Debunking the "conventional wisdom" of data modelling, normalization, etc.

Data Modelling

4NF: We Do It All the Time

4NF

Consider the tuple {Emp#, EmpName, Salary}.

By any reasonable definition of the terms, this is clearly in 3NF with EmpName and Salary fully and directly dependent on Emp#. And yet anyone with even modest modelling experience will “intuitively” know to separate them into {Emp#, EmpName} and {Emp#, Salary}.

In fact, this is the resolution of a multi-valued dependency and that “intuitive” action is a move to 4NF.

But what does “multi-valued dependency” mean in practice? In the example, EmpName and Salary have different relationships to Emp#. To put it another way, the value in EmpName typically changes at different times (rarely) for different reasons (e.g., marriage) than Salary (annual review, perhaps?). In 4NF, all elements of a tuple are related in the same way, and are therefore subject to change together at the same time for the same functional reason.

I’m old enough to remember pre-mobile/cell phones, when {..., HomeAddress, HomePh#} was generally considered 4NF. (Well, almost: I had a friend change address by moving across the street and the phone company physically swapped the phone wires of the two houses in the street box, so that he was able to keep his landline number. But that was clearly unusual!) With technical developments that allow ph#s to be moved from one place to another, even between landlines and mobile/cell phones in some places, this is now clearly not 4NF.
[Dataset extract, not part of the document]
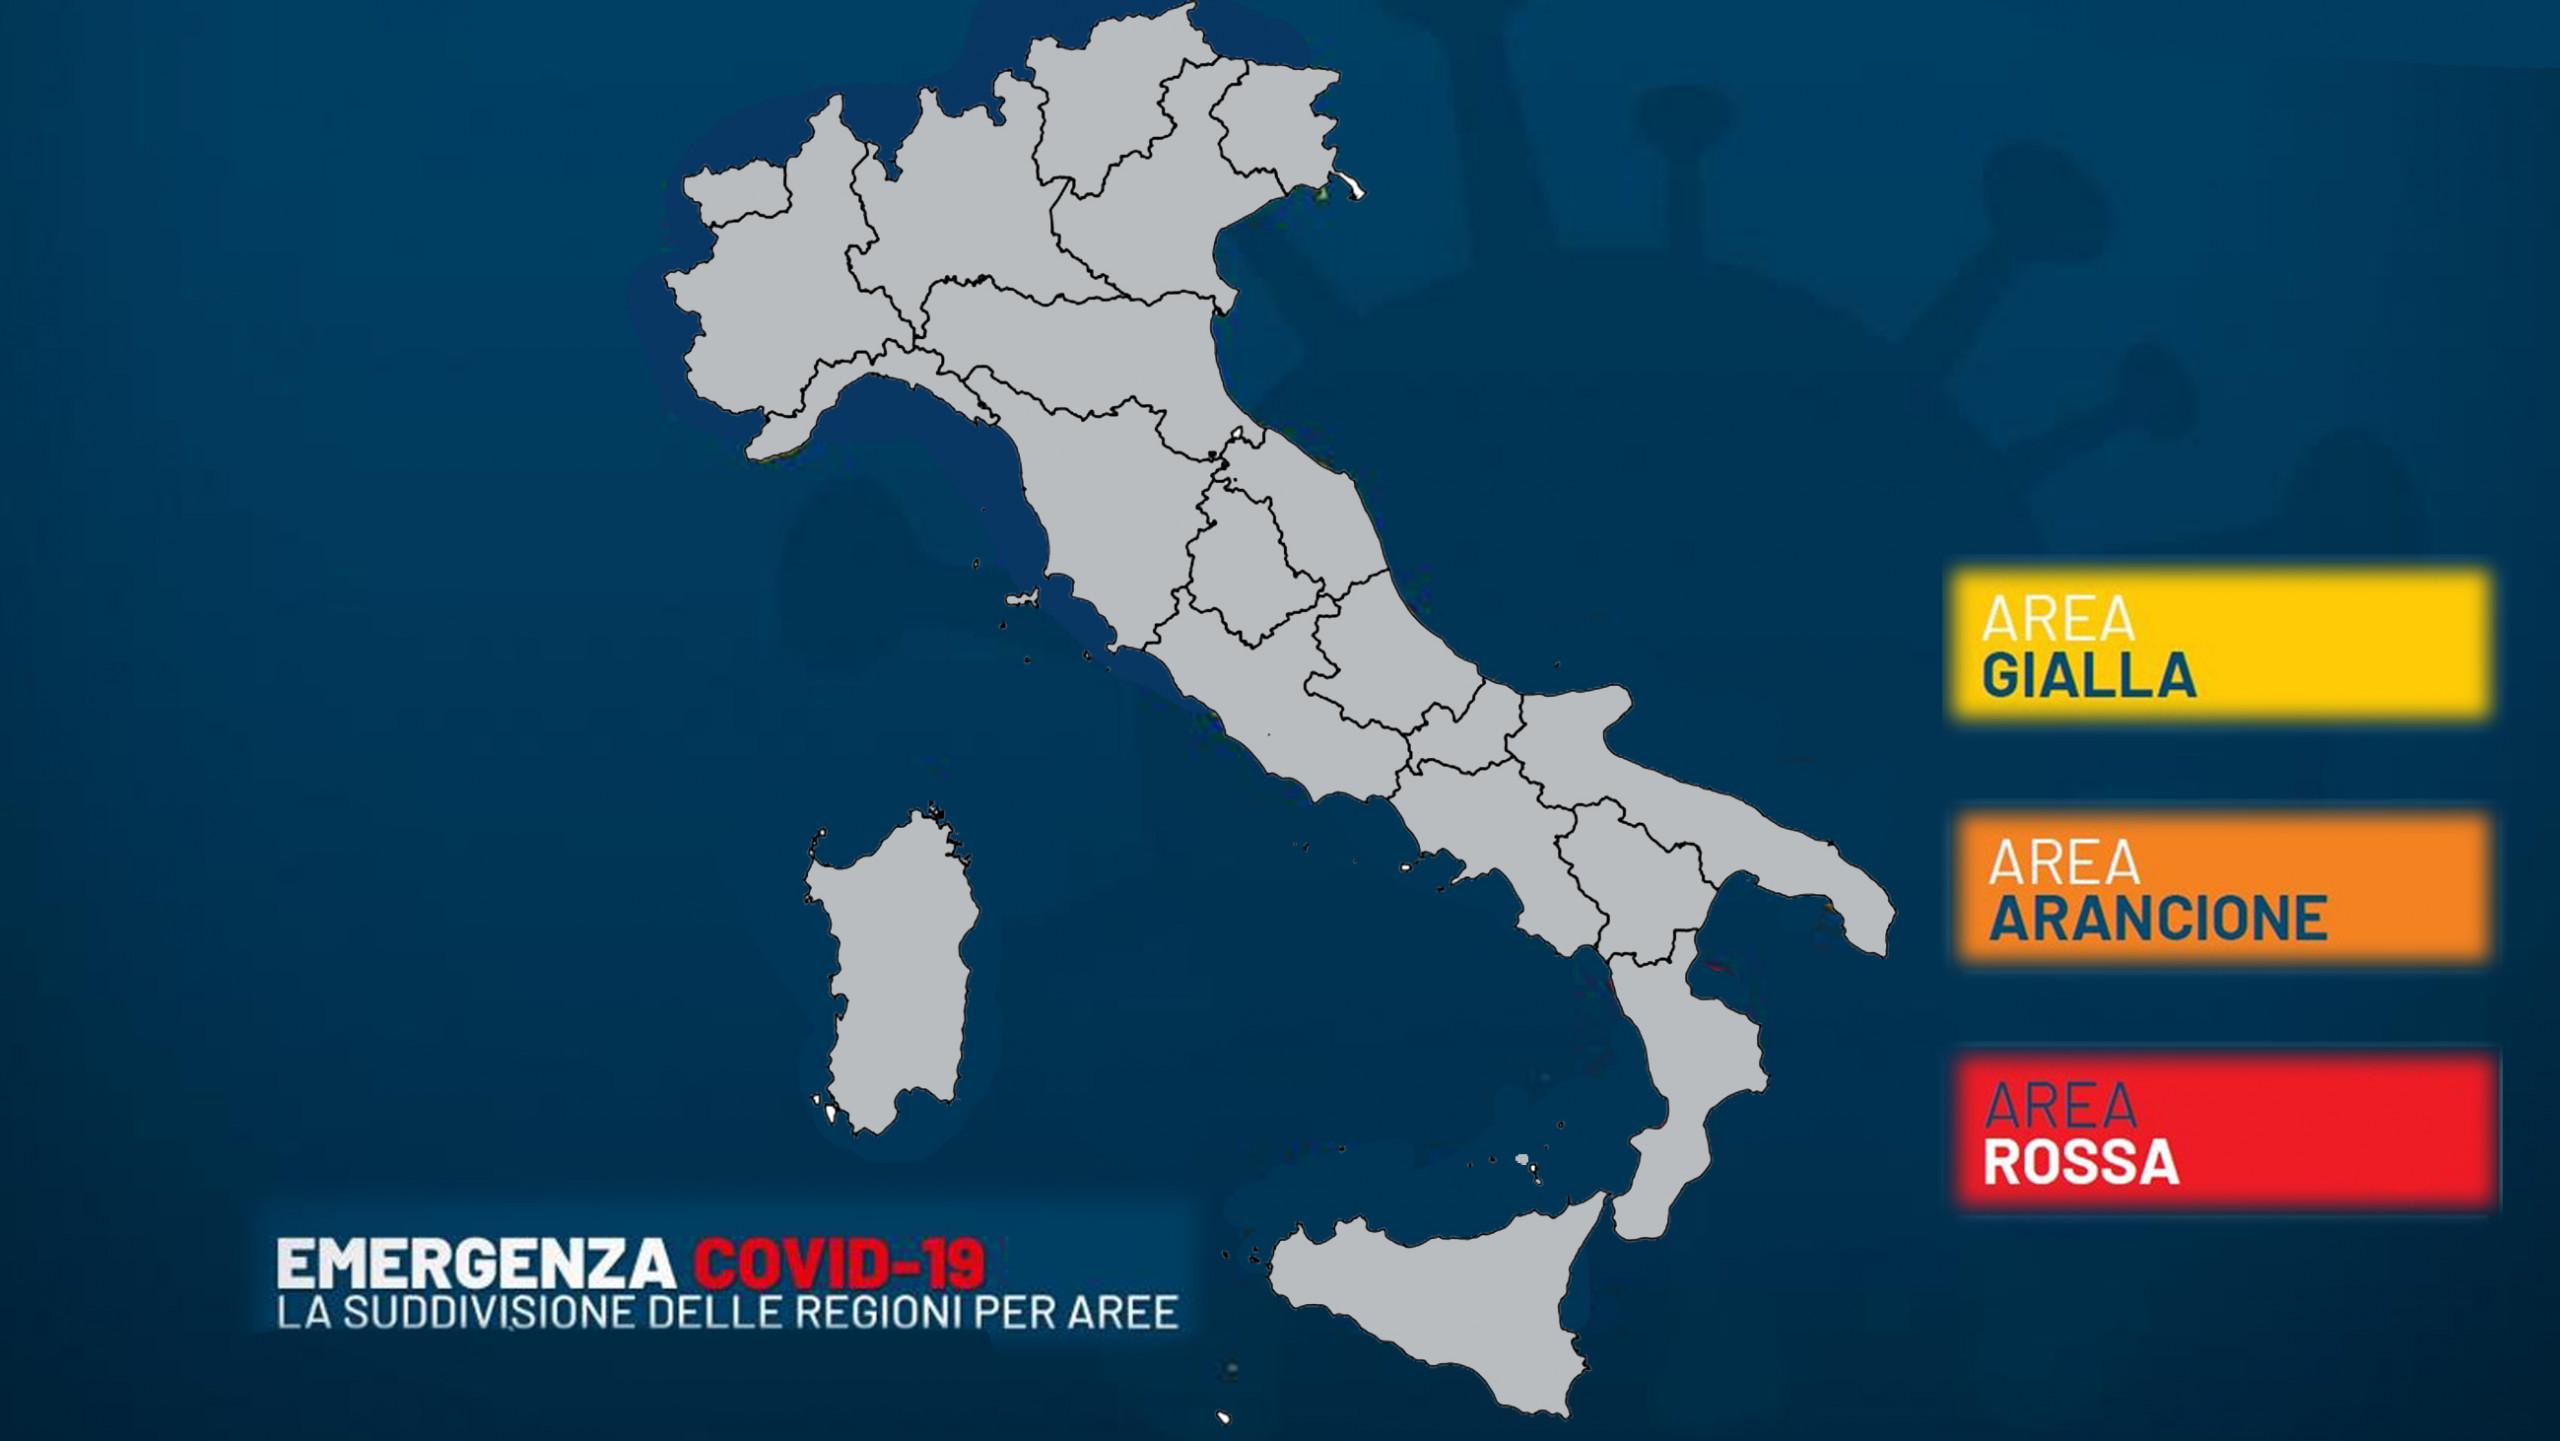 Colori Italia Covid, Area gialla, arancione, rossa

If this was part of a payroll system, which presumably only needs to know the current basis for a pay cheque, then 3NF might suffice. But if it’s part of a personnel system, then surely the day after it went live someone would notice the inability to capture salary history.

Interestingly, 4NF seems to have anticipated that for us: adding AsOfDate to the {Emp#, Salary} tuple and its key is a relatively simple data base change. We can probably expect changes to existing code to be relatively straightforward as well, especially where the tuple is just being read. Obviously update routine changes may be a bit more involved.

If we went with the original 3NF tuple, remediating the change will be much more involved. Do we restructure the data base by splitting the table, and refactor all the code affected by that? Much more work will be involved, including in the regression testing required. If instead we simply add the column to the existing 3NF tuple, coding will forever be more complex as it deals with redundancy issues in the multiple entries containing a person’s name. If EmpName was declared as an Alternate Key, that data base-enforced integrity constraint will have to be abandoned with further serious consequences rippling through the system.

Rolling back the impact if a promotion fails is also more difficult in the latter case: it is easier to drop column(s) in the 4NF scenario than glue two tables back together in the 3NF case.

Of course, this is a simple example. Normalization violations are often more difficult to identify than this example. But the cost of remediating will be lower the more normalization has been done up front.

And because 4NF essentially deals with time-based data issues, and maintaining history is essential for so many reasons today (audit trails, marketing, …), it has become extremely important to understand and aim for 4NF data models. At least.